II

CAMDLESS-BAY

Este era el nombre de la plantación que pertenecía a James Burbank. Allí era donde el rico colono permanecía con toda su familia. Este nombre de Camdless venía de una de las ensenadas del San Juan que se abre un poco más arriba de Jacksonville, sobre la ribera opuesta del río. Gracias a esta proximidad, podía comunicarse fácilmente con la ciudad floridiana. Una buena embarcación, un viento del Norte o Sur, aprovechando el flujo para ir, o el reflujo para volver, y no era preciso más de una hora para franquear las tres millas que separan Camdless-Bay de dicha ciudad, capital del condado de Duval.

James Burbank poseía en este sitio una de las más hermosas propiedades del país. Por otra parte, rico por sí mismo y por su familia, su fortuna se completaba todavía con diversos inmuebles, situados en el Estado de Nueva Jersey, próximo al de Nueva York.

Esta plantación, situada en la ribera derecha del San Juan, había sido oportunamente escogida para fundar allí un establecimiento de considerable importancia.

A las felices disposiciones concedidas ya por la naturaleza, parece que no hubiera tenido nada que añadir la mano del hombre.

El terreno se prestaba por sí mismo a todas las necesidades de una vasta explotación.

Así, la plantación de Camdless-Bay, dirigida por un hombre inteligente, activo y en toda la fuerza de la edad, secundado admirablemente por su personal y al cual no faltaban los recursos, era natural que estuviese, y estaba, en buen estado de prosperidad.

Un perímetro de doce millas, una superficie de cuatro mil acres[1]; tal era el extenso terreno que ocupaba la plantación. Si existía alguna más grande que ella en los estados del Sur de la Unión, no había otra mejor cuidada y administrada. Casa-habitación, cuadras, establos, alojamientos para los esclavos, edificios para la explotación, almacenes destinados a contener los productos del suelo; obradores, talleres y fábricas; ferrocarriles convergentes desde la periferia del dominio hasta el pequeño puerto de embarque; caminos para los carros, todo estaba maravillosamente comprendido bajo el punto de vista práctico y de utilidad. Que era un americano del Norte el que había concebido, ordenado y ejecutado todos estos trabajos, se comprendía al primer golpe de vista.

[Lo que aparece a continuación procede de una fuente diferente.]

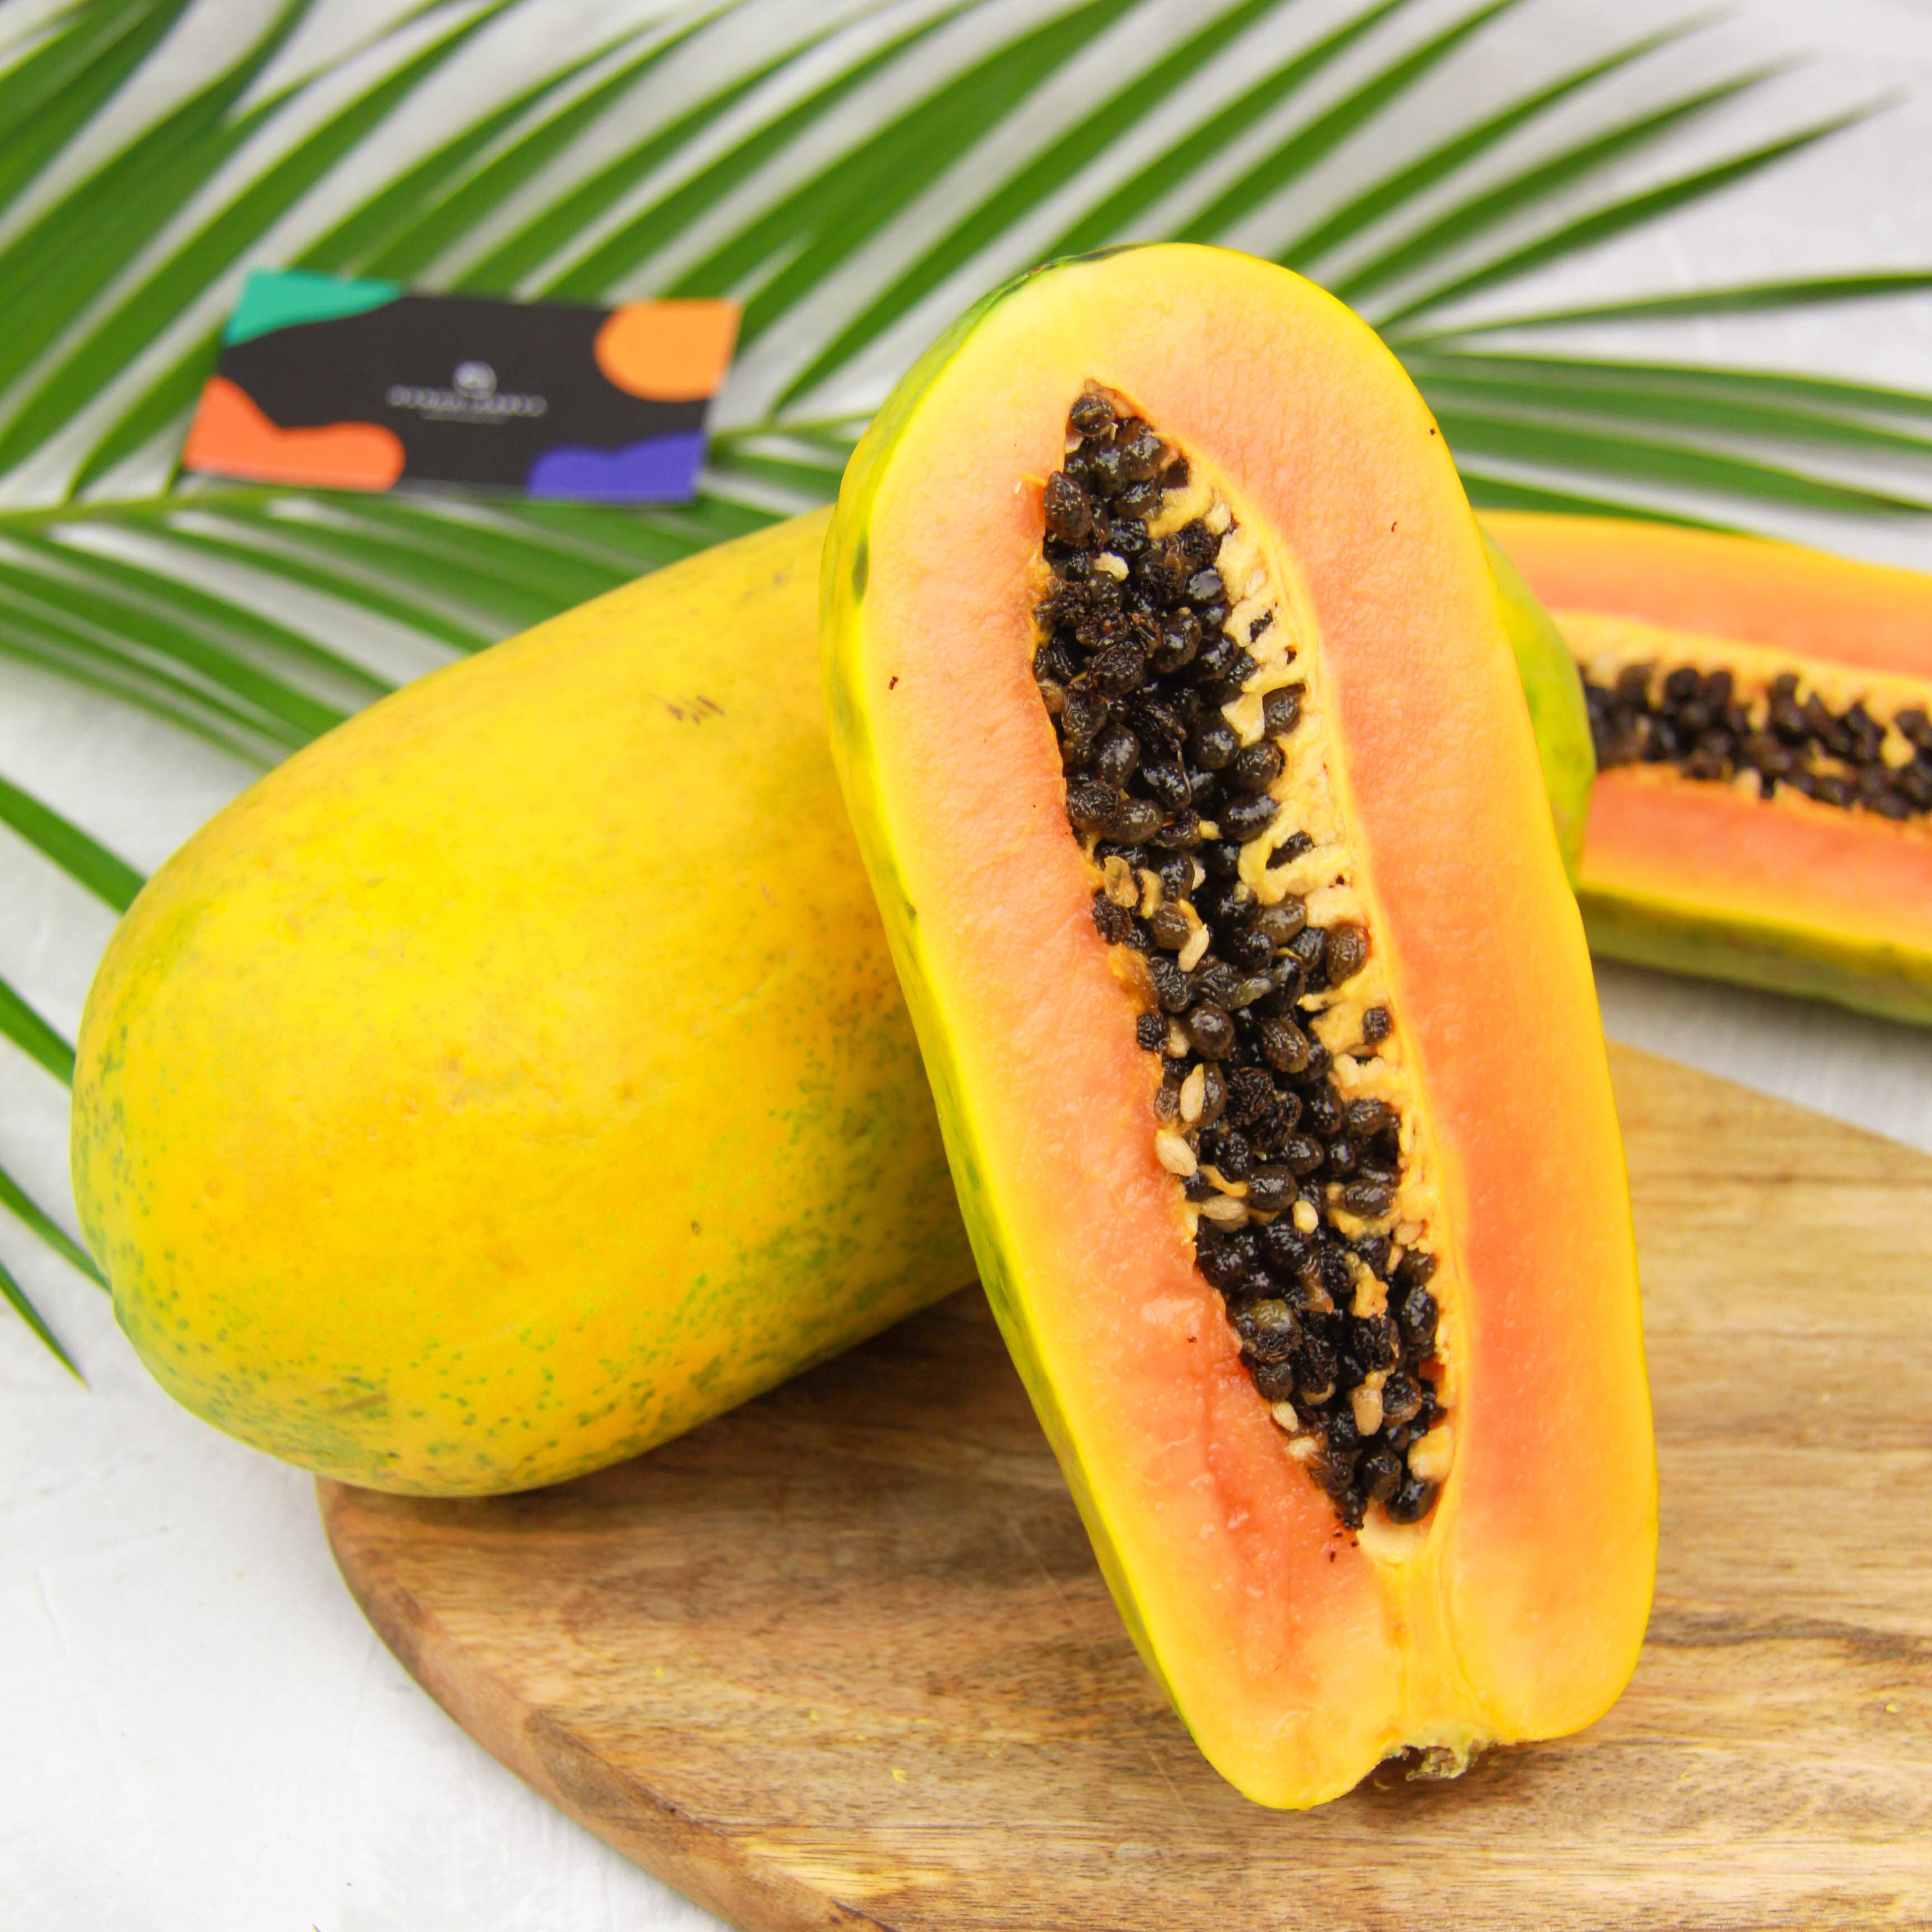 манго и папайя картинки окружающий мир

Solamente los establecimientos de primer orden de Virginia o de ambas Carolinas, hubieran podido rivalizar con el dominio de Camdless-Bay. Además, el suelo de la plantación comprendía diferentes clases de terreno: high-hummoks, altas tierras, naturalmente apropiadas para el cultivo de los cereales; low-hummoks, tierras bajas que convienen más especialmente para el cultivo de los cafetales y del cacao; y marshes, especies de sabanas saladas donde prosperan los arrozales y las cañas de azúcar.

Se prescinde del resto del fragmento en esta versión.